§ EXERCISE BRIEF
Exact copy, no pictures: output each line below as it stands.

§ GIVEN MATERIAL
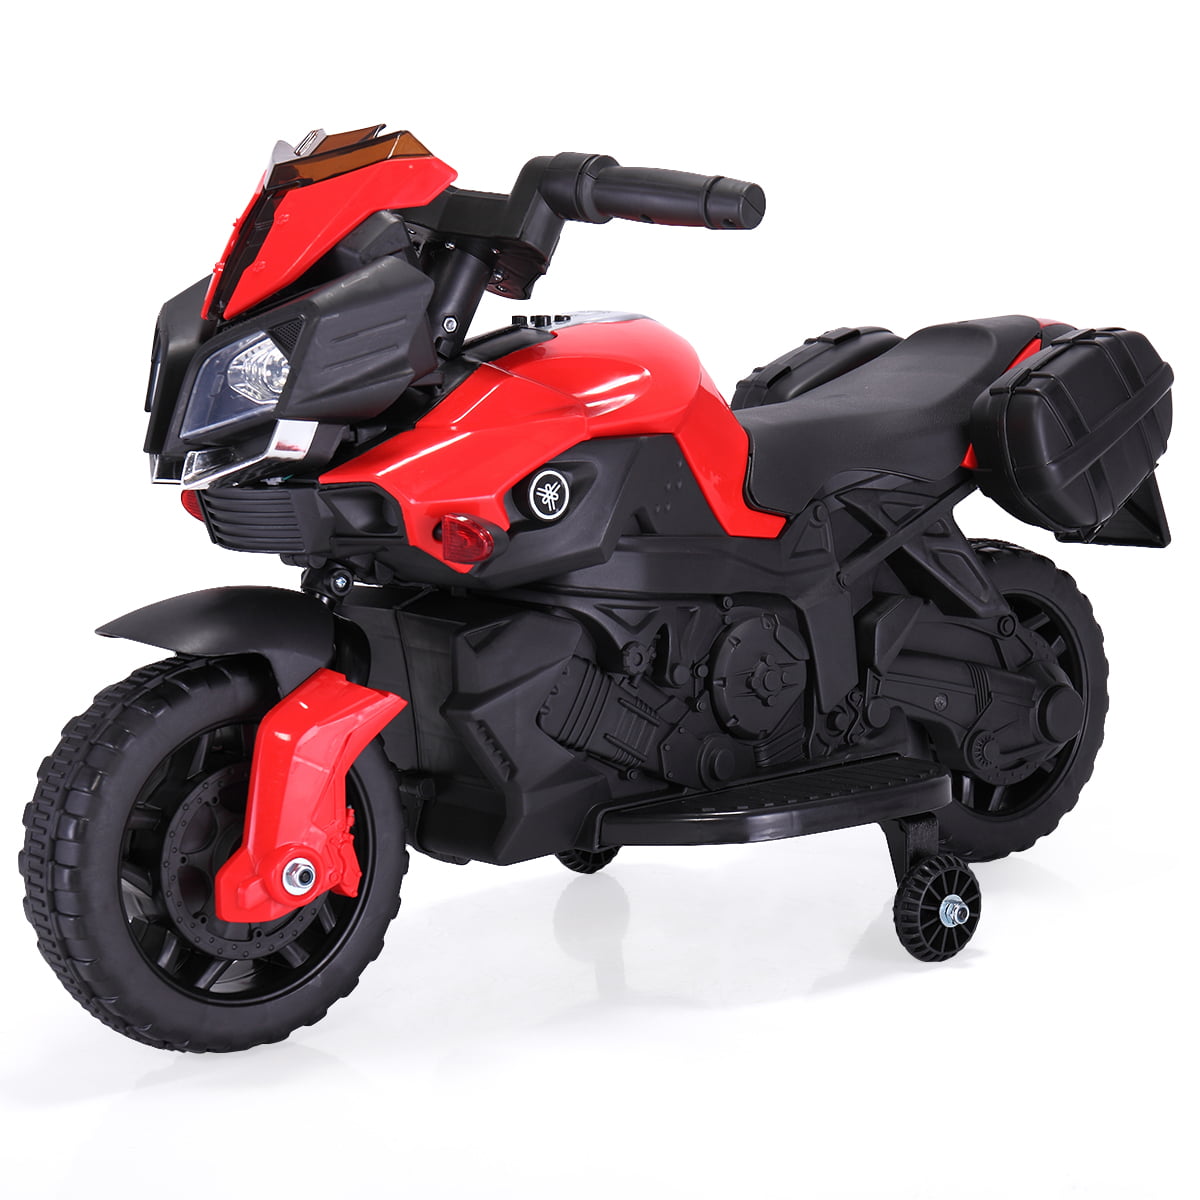 Inertia Motorcycle Toys Gifts Children Kids Motor Bike Model AL
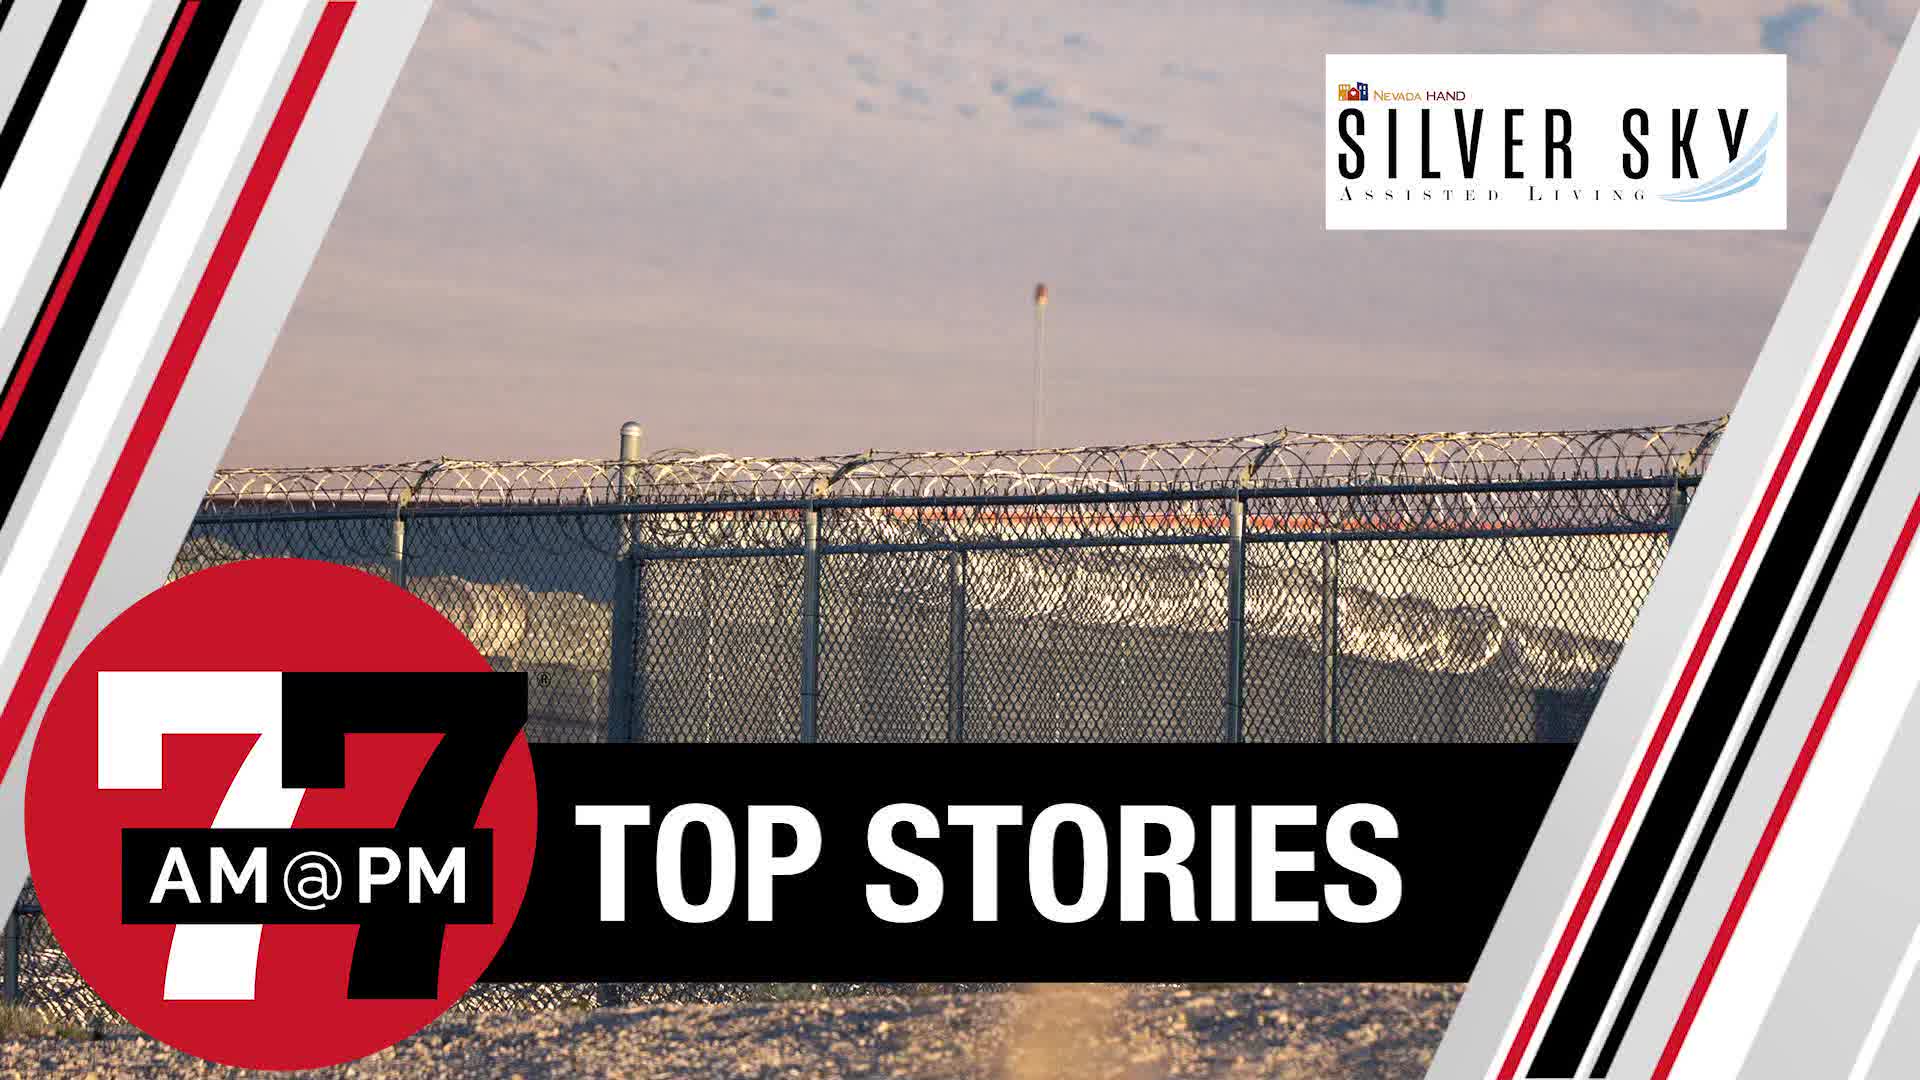 Convicted Luxor bomber escapes detention center
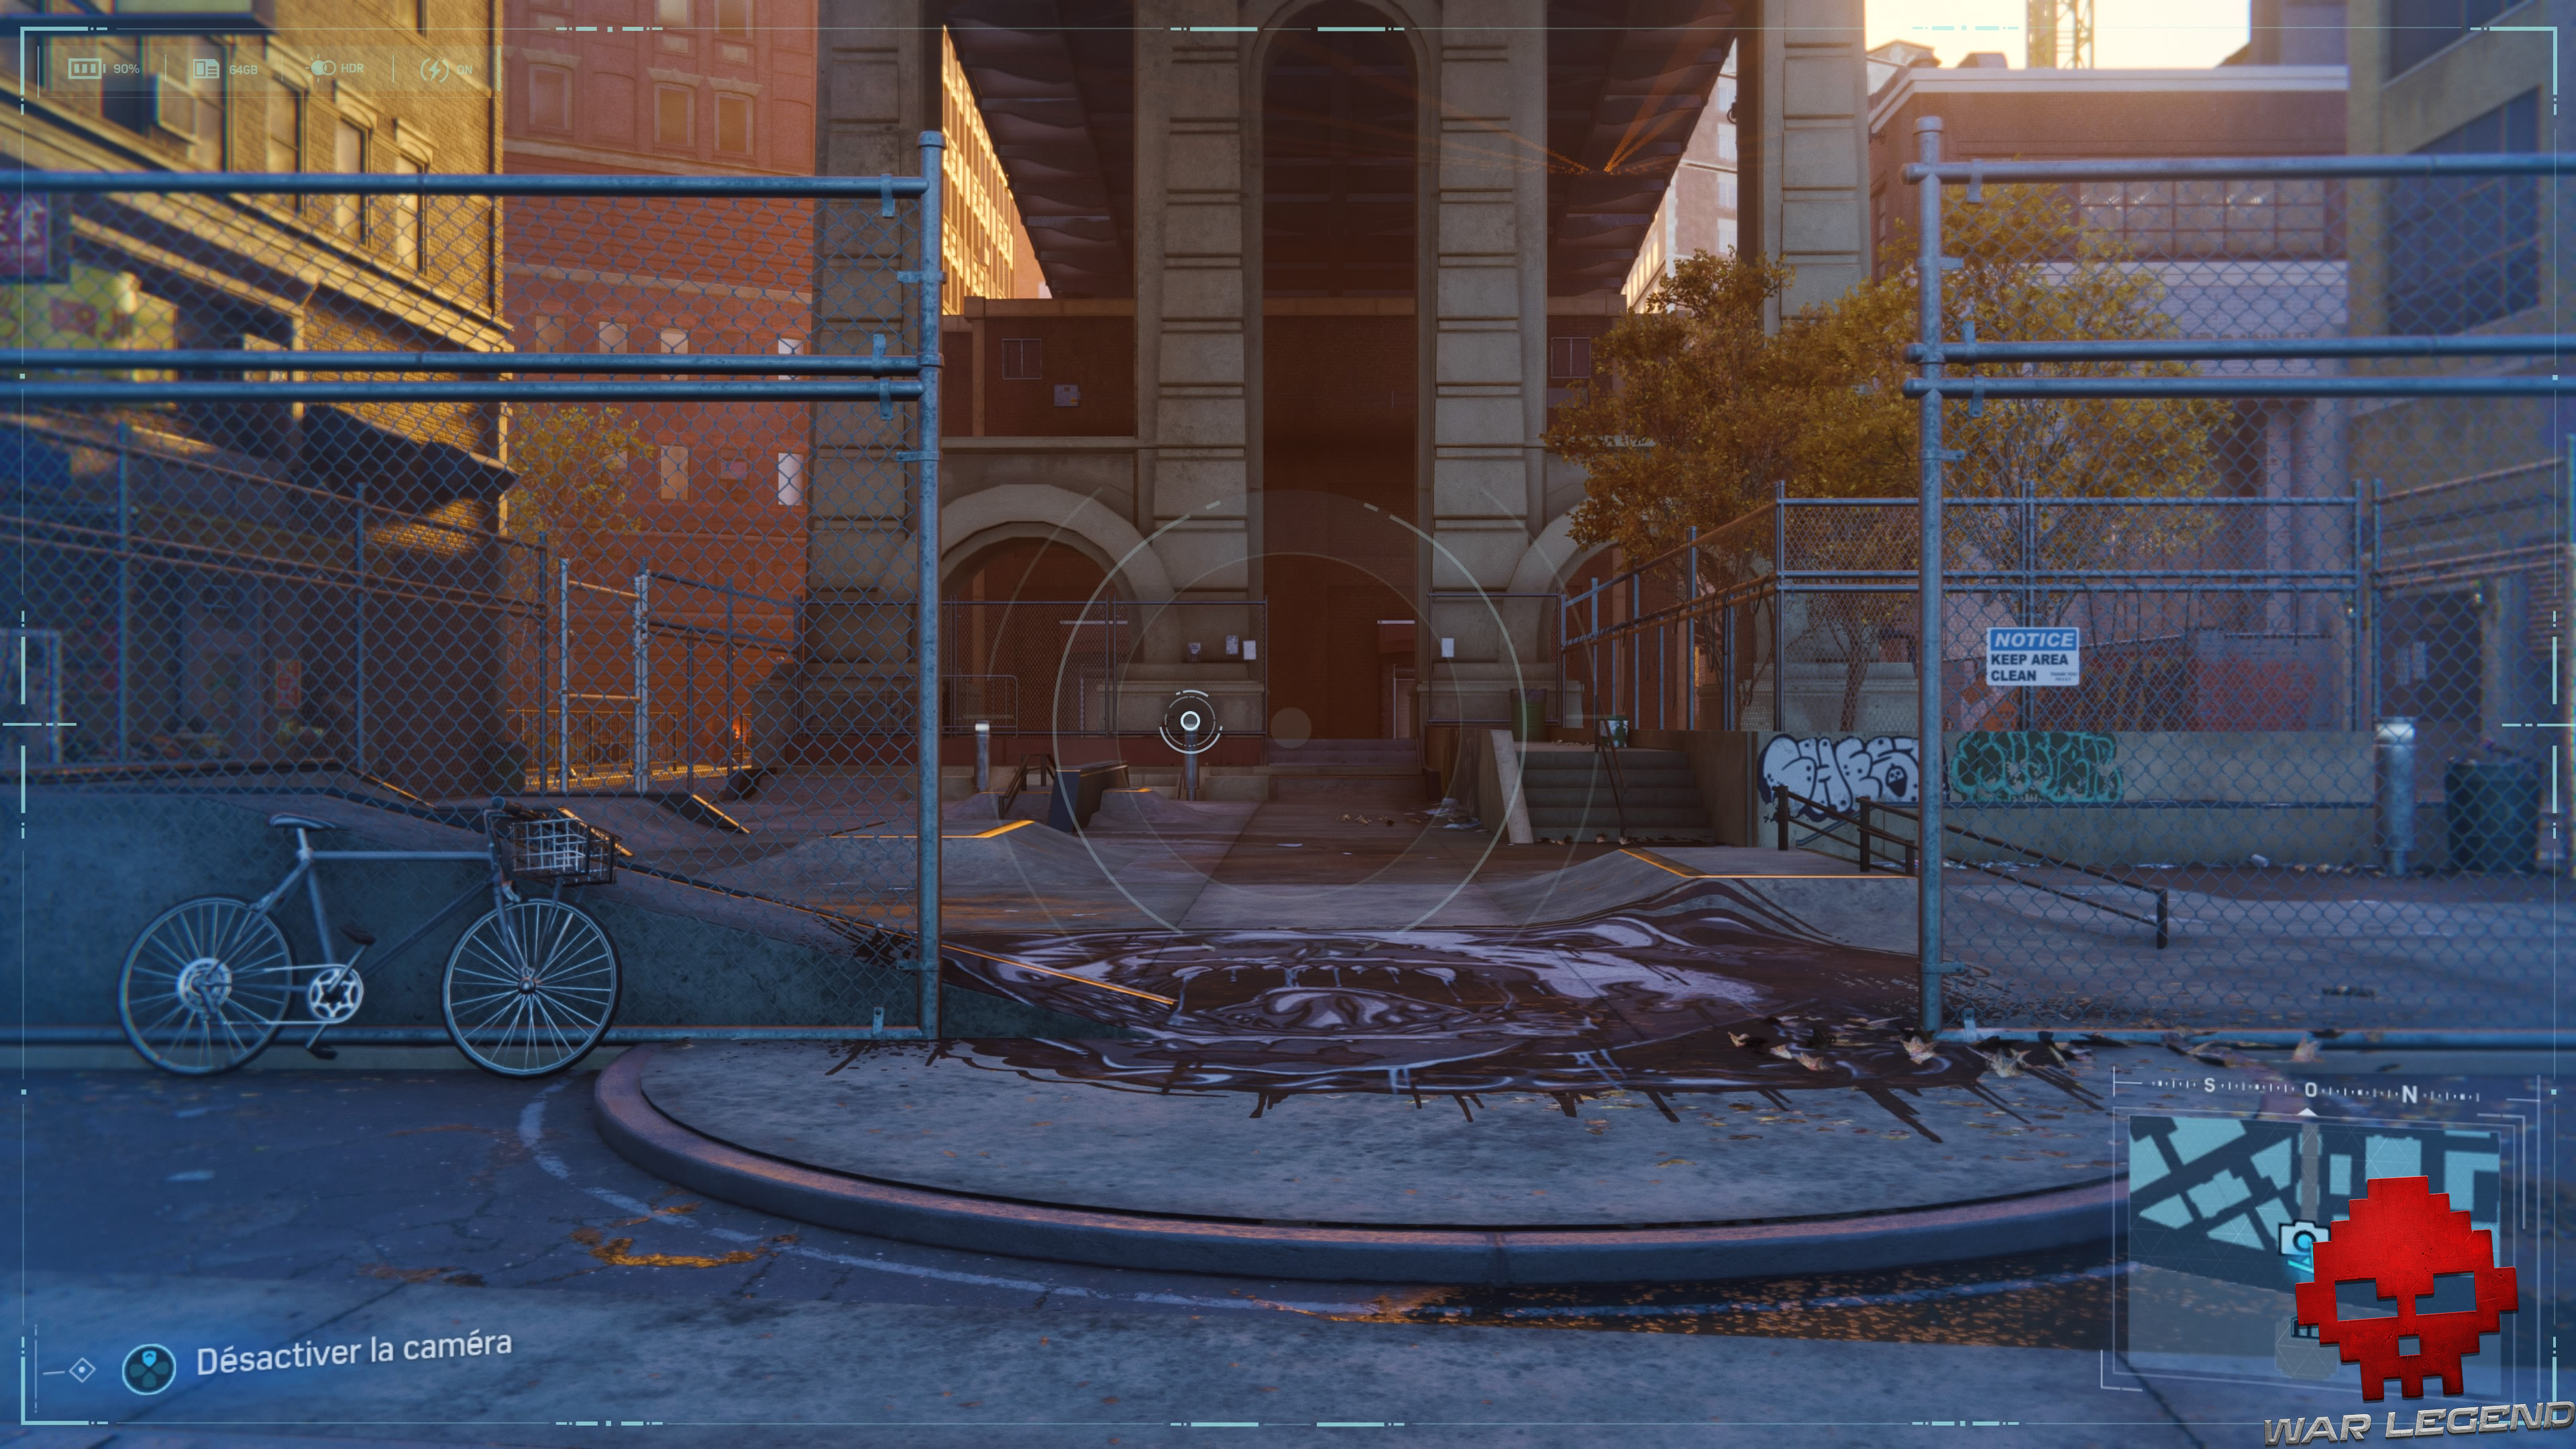 Spider-Man photo secrète skatepark de coleman's square

§ RESPONSE
 Inertia Motorcycle Toys Gifts Children Kids Motor Bike Model AL
 Convicted Luxor bomber escapes detention center
 Spider-Man photo secrète skatepark de coleman's square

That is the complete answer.